■ **WHAT TO DO**: Make an exact copy of all the data, pictures excluded.

■ **COLLECTED MATERIAL**:

┄┄┄┄┄┄┄┄┄┄

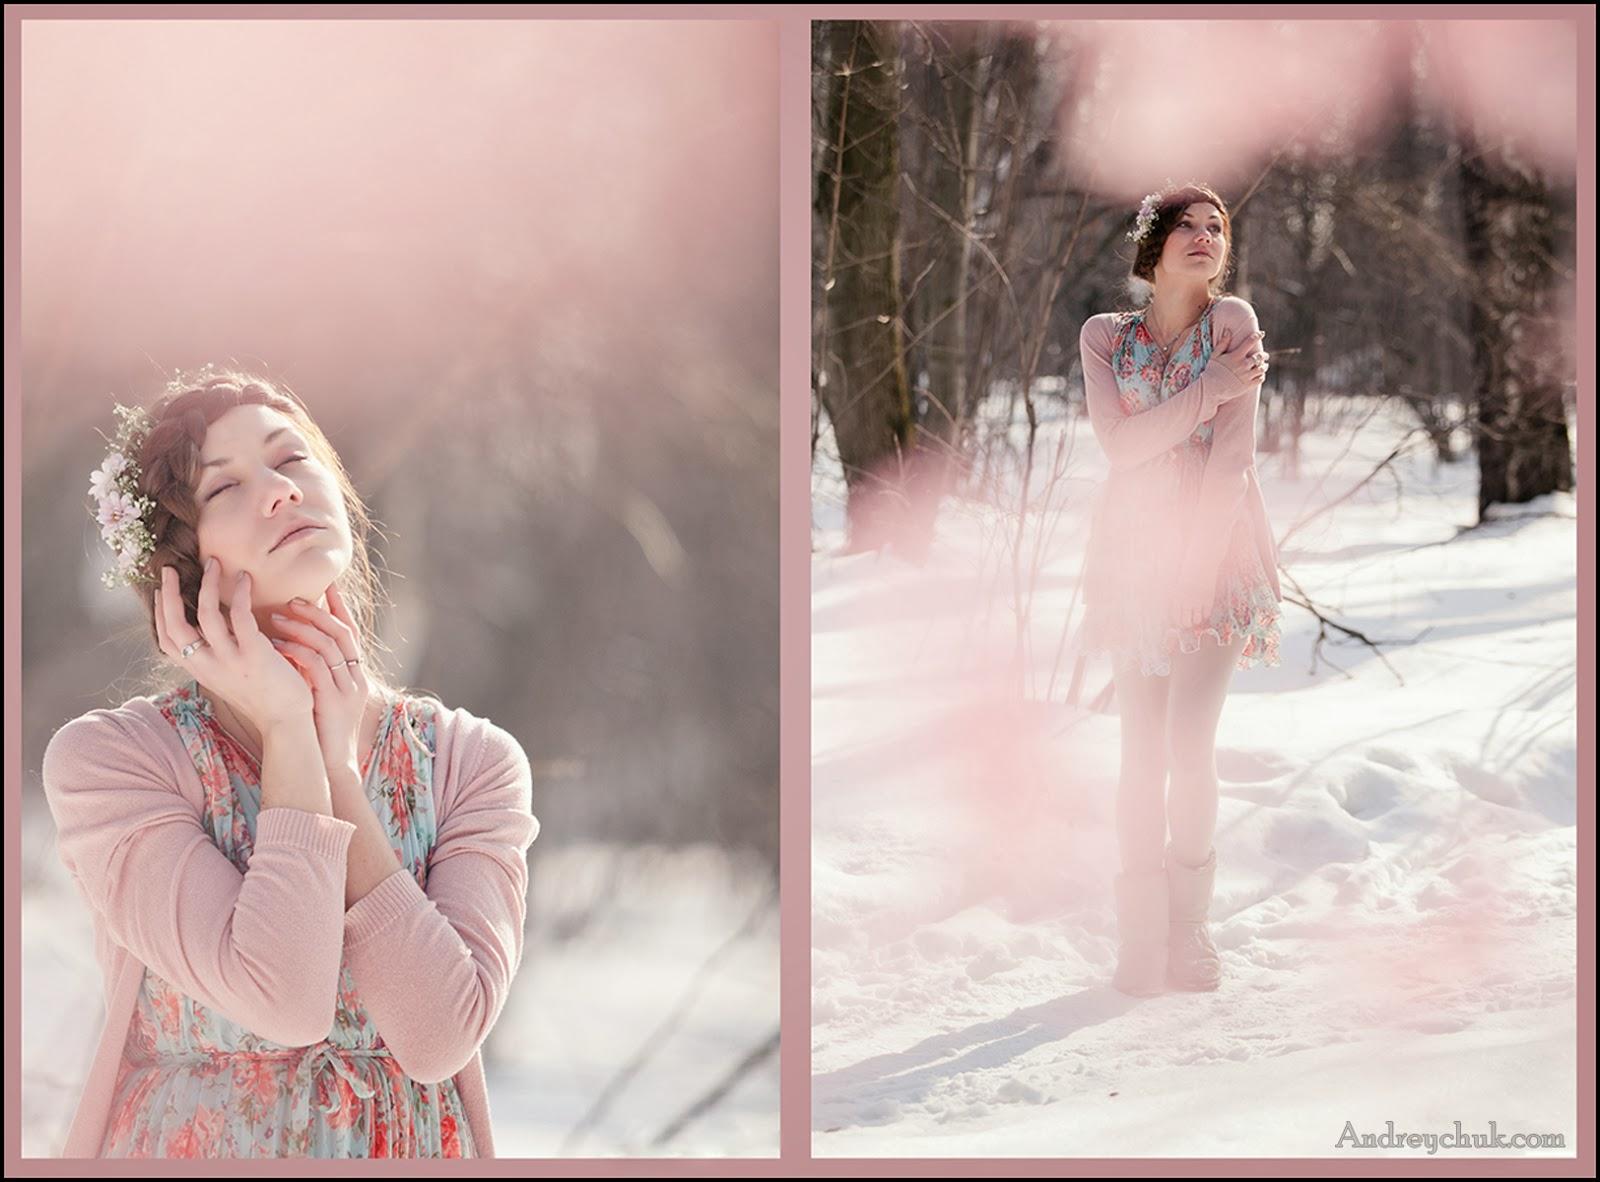 весеннее фото молодой девушки в лесу, лиричное настроение
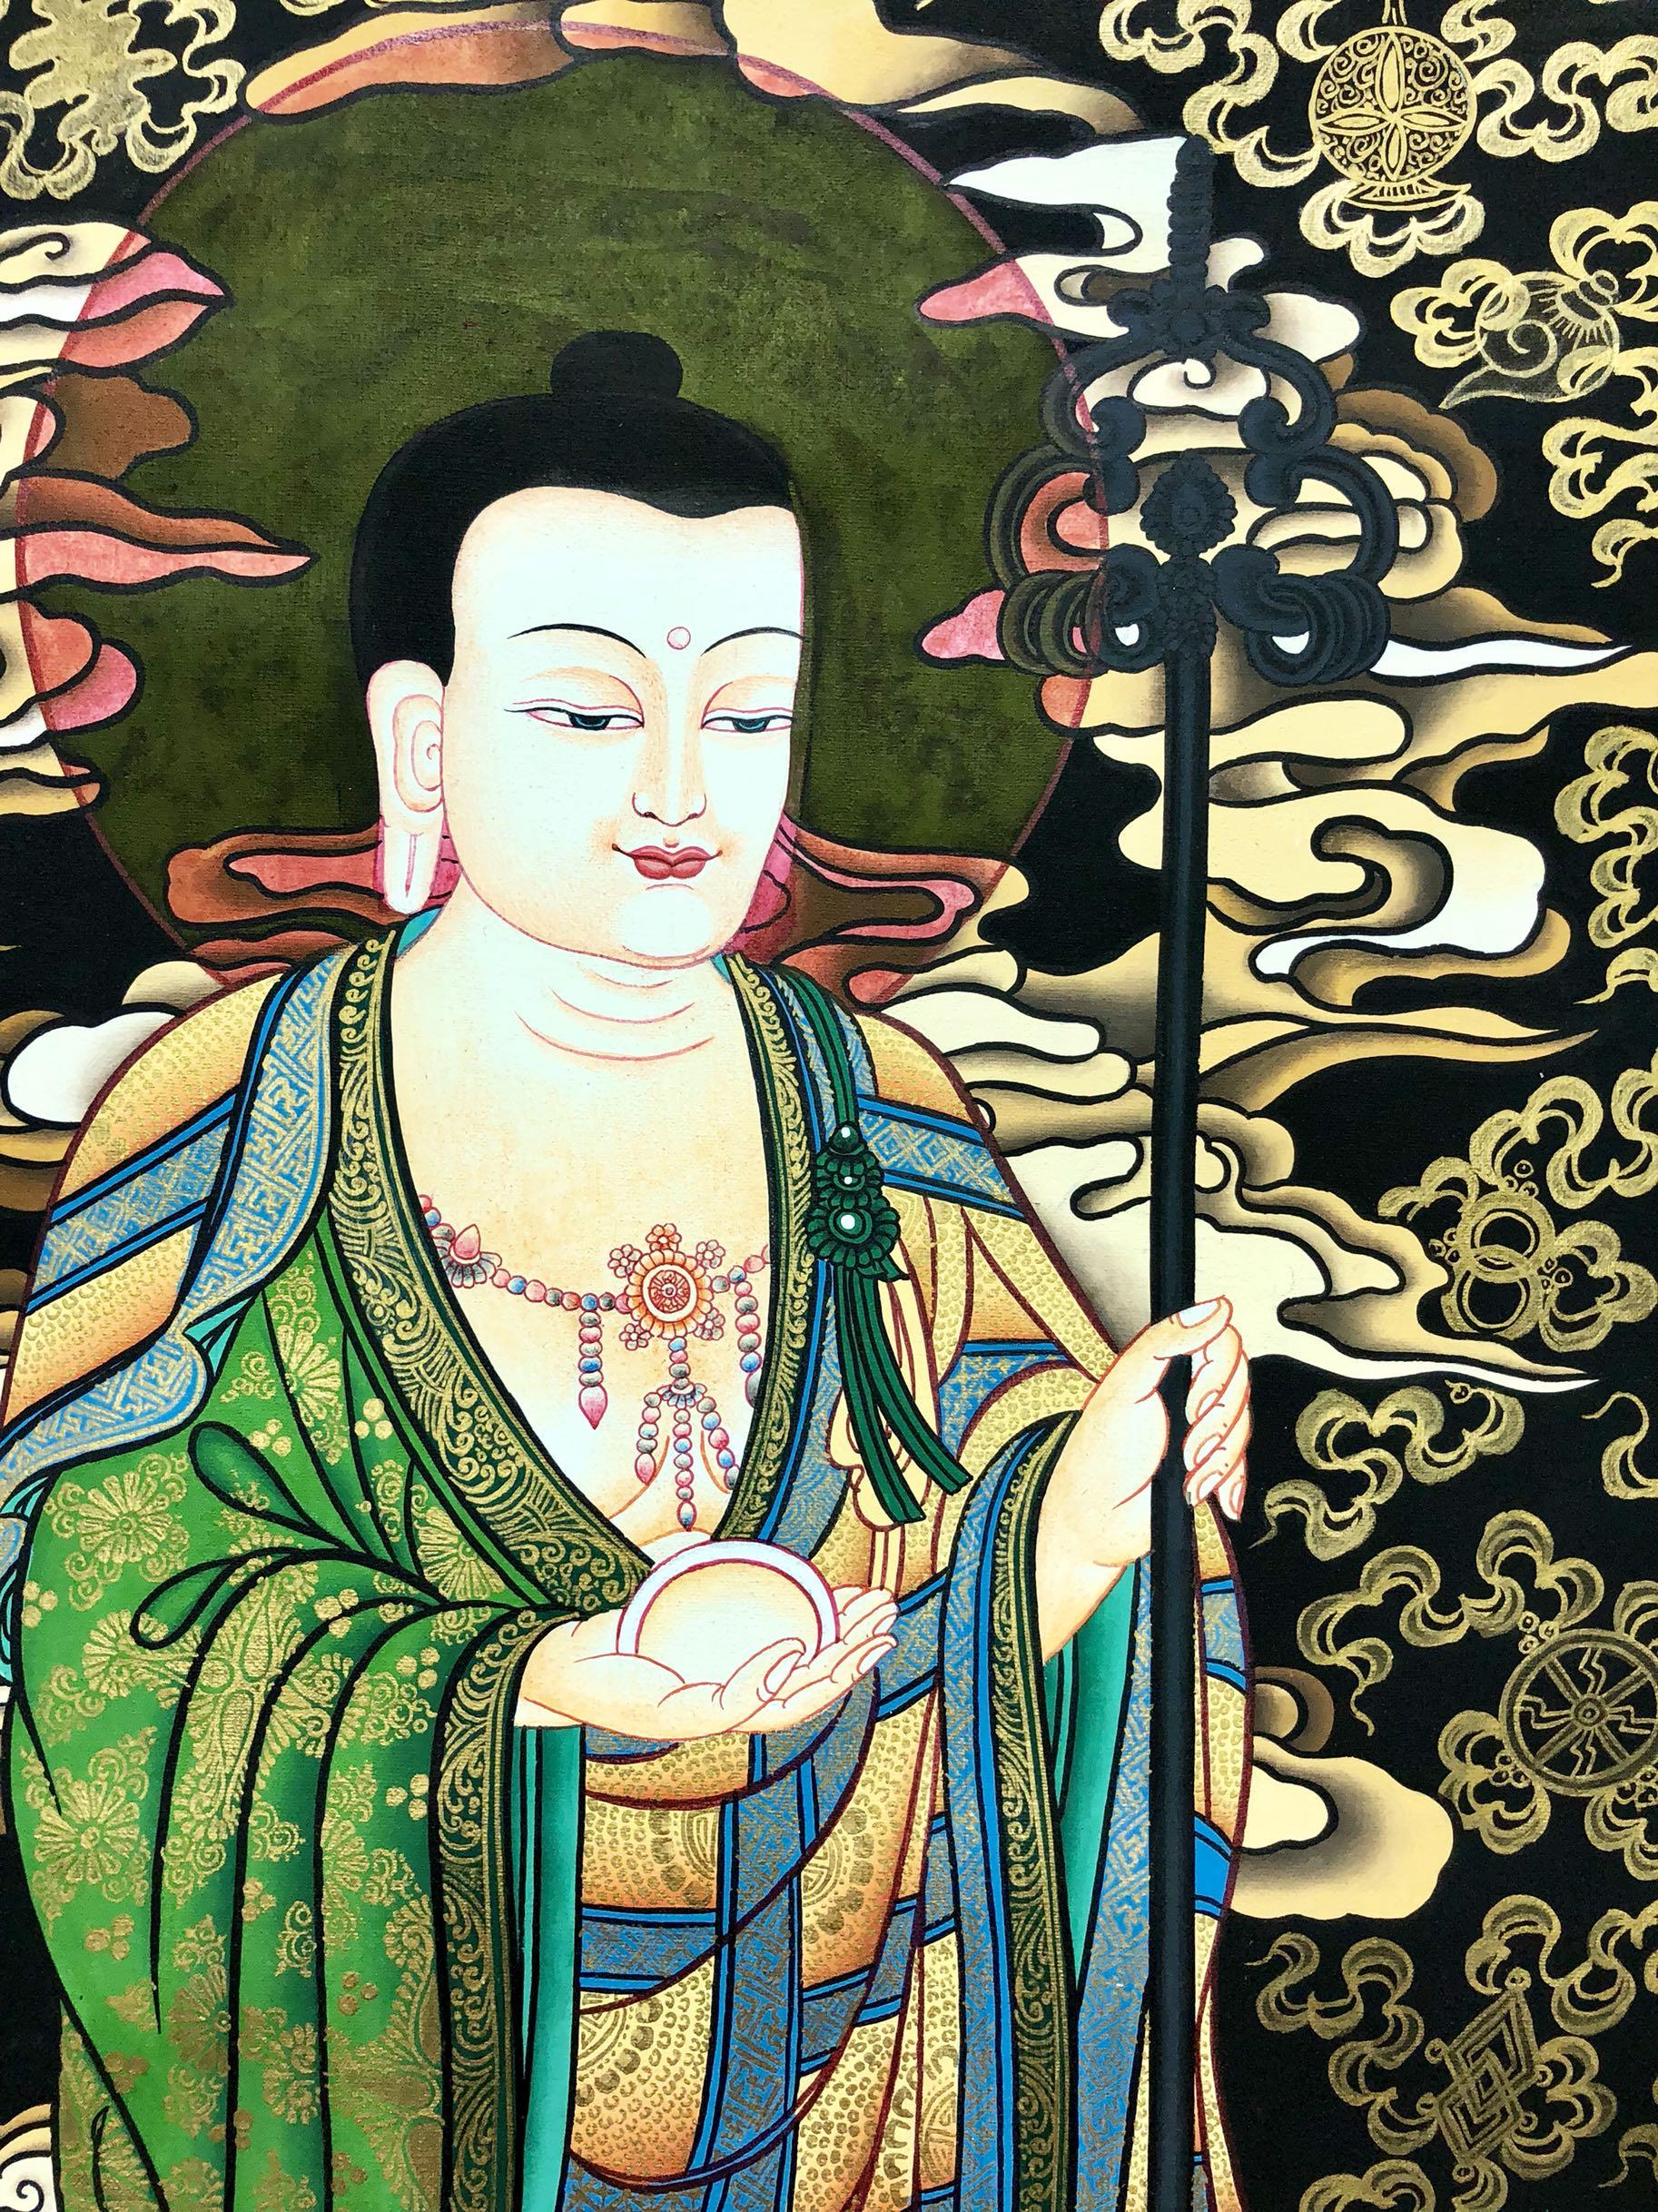 欢喜唐卡西藏热贡尼泊尔唐卡地藏王菩萨四大菩萨特色手工艺作品
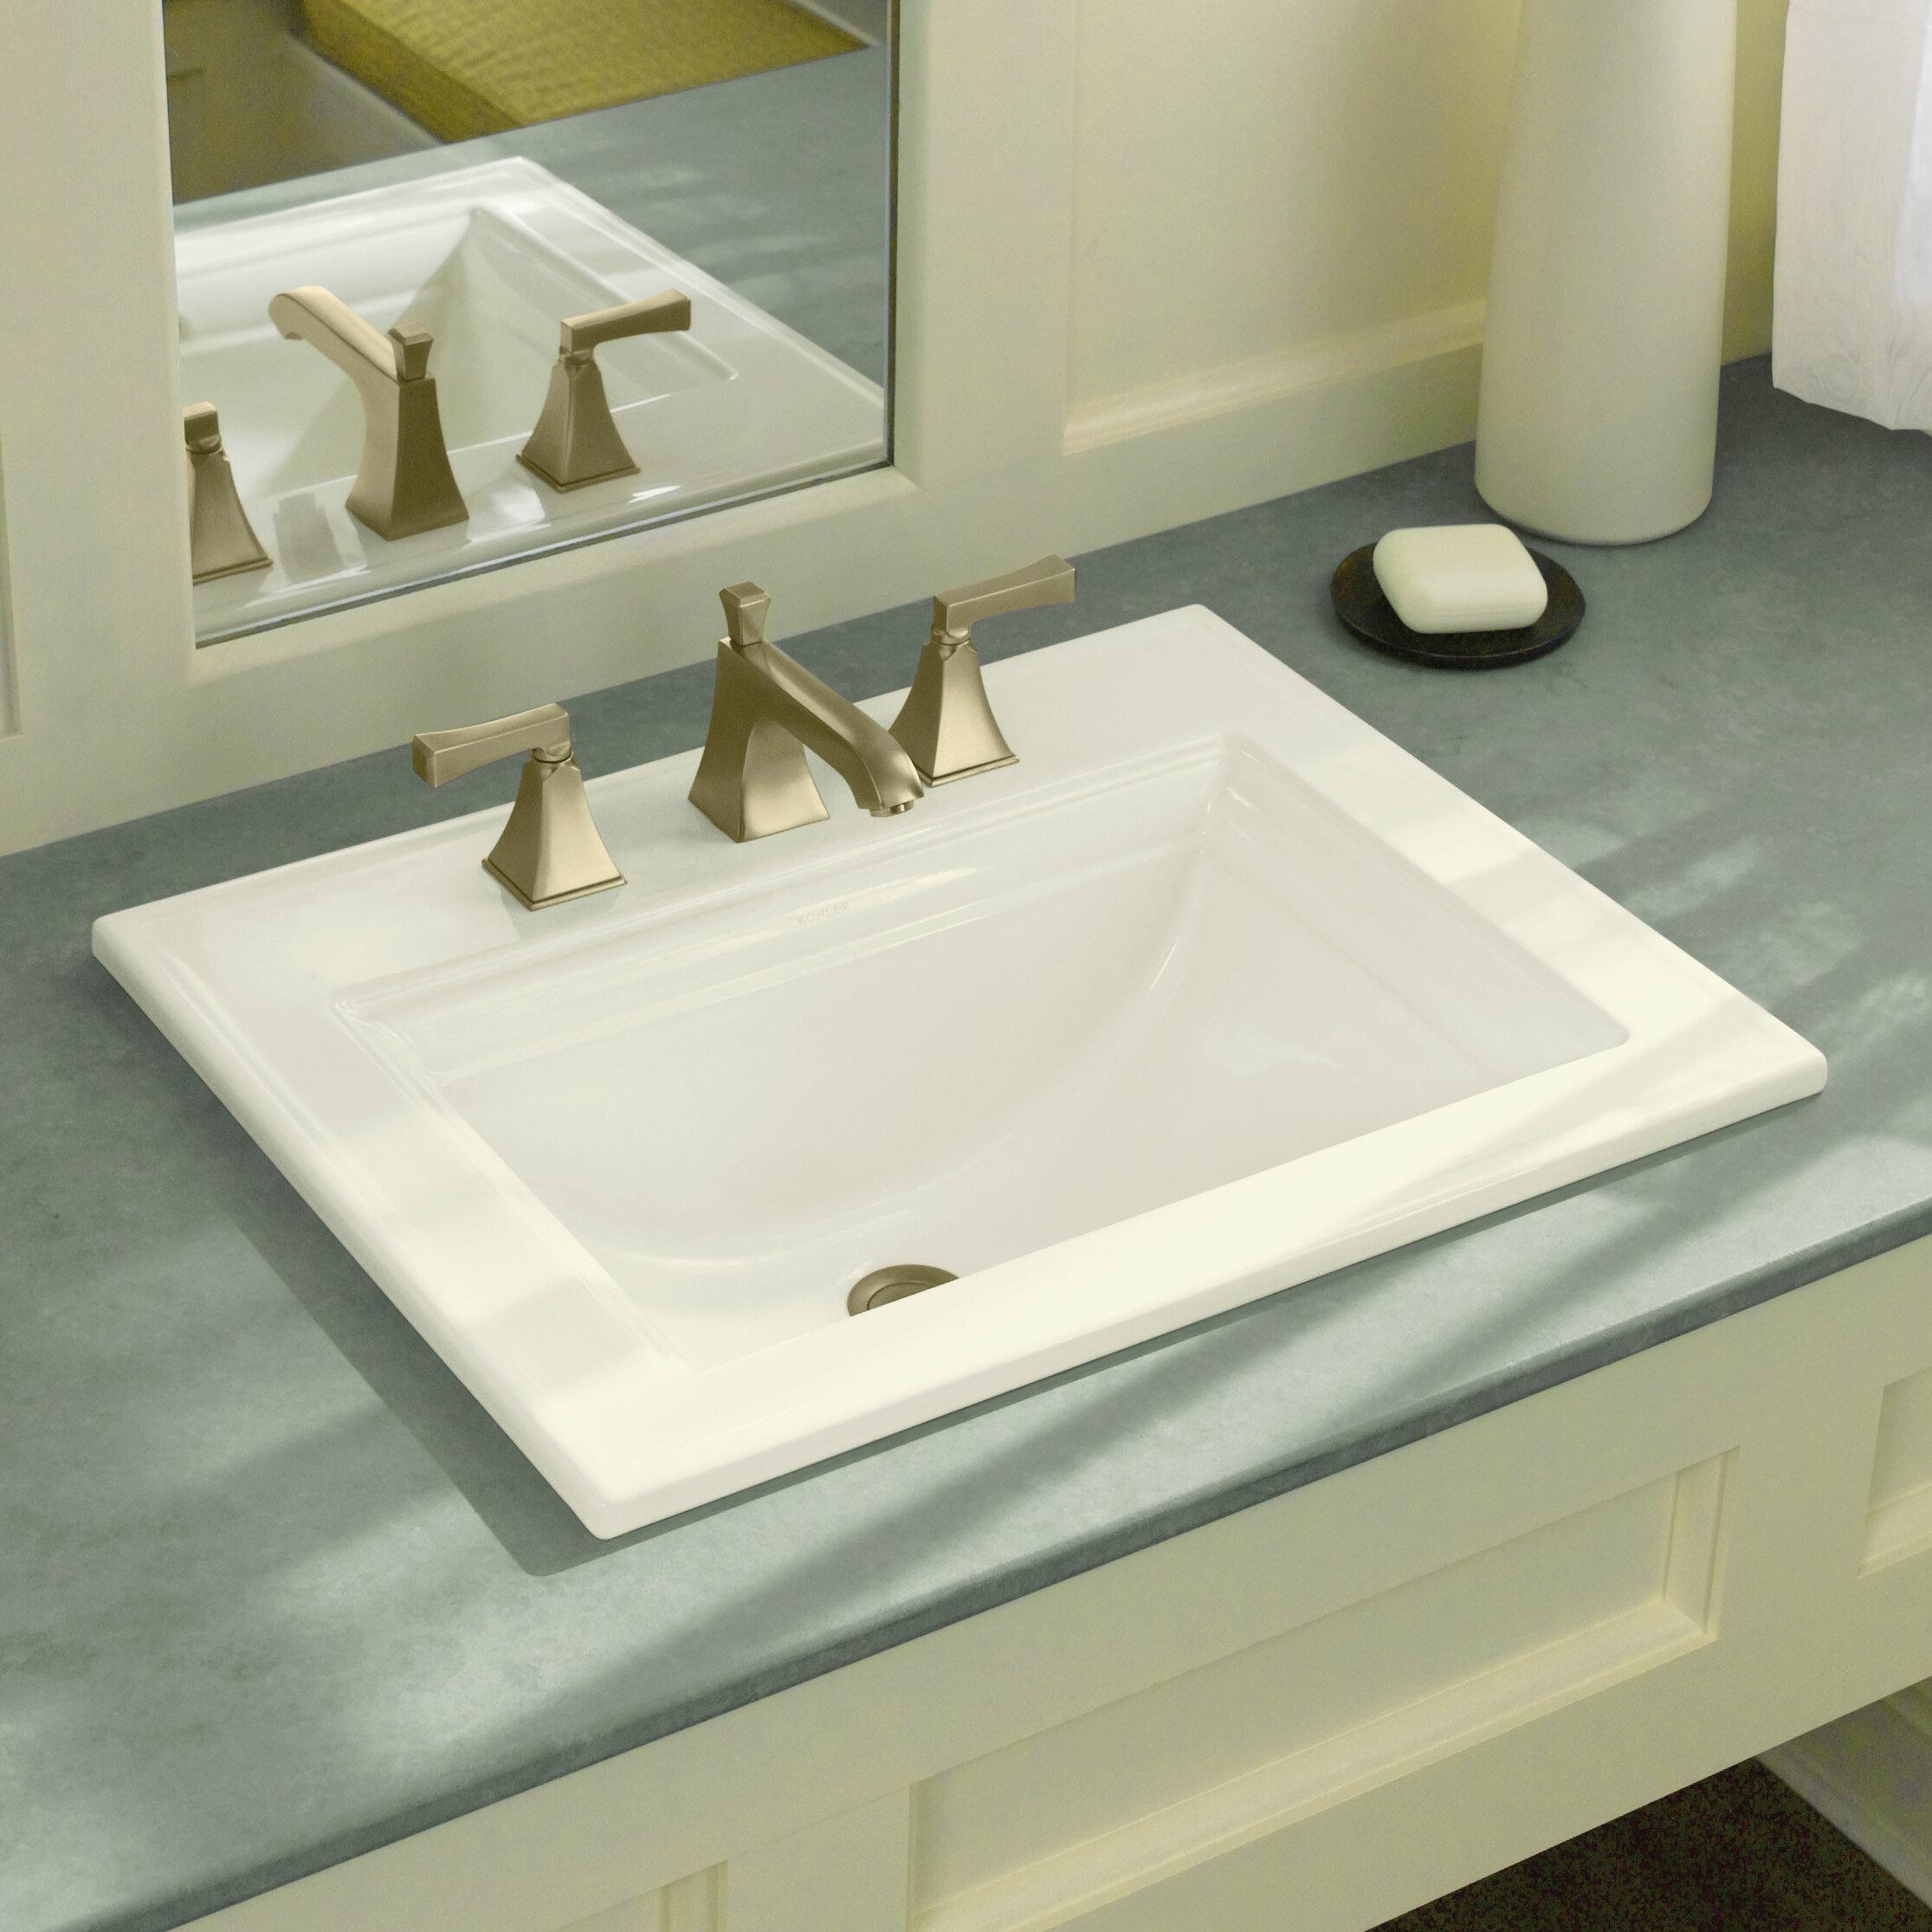 Drop In Bathroom Sink Installation. K  Kohler Memoirs Ceramic Rectangular Drop In Bathroom Sink With Overflow Reviews Wayfair

┄┄┄┄┄┄┄┄┄┄

■ **SOLUTION TO THIS TASK**:
 весеннее фото молодой девушки в лесу, лиричное настроение
 欢喜唐卡西藏热贡尼泊尔唐卡地藏王菩萨四大菩萨特色手工艺作品
 Drop In Bathroom Sink Installation. K  Kohler Memoirs Ceramic Rectangular Drop In Bathroom Sink With Overflow Reviews Wayfair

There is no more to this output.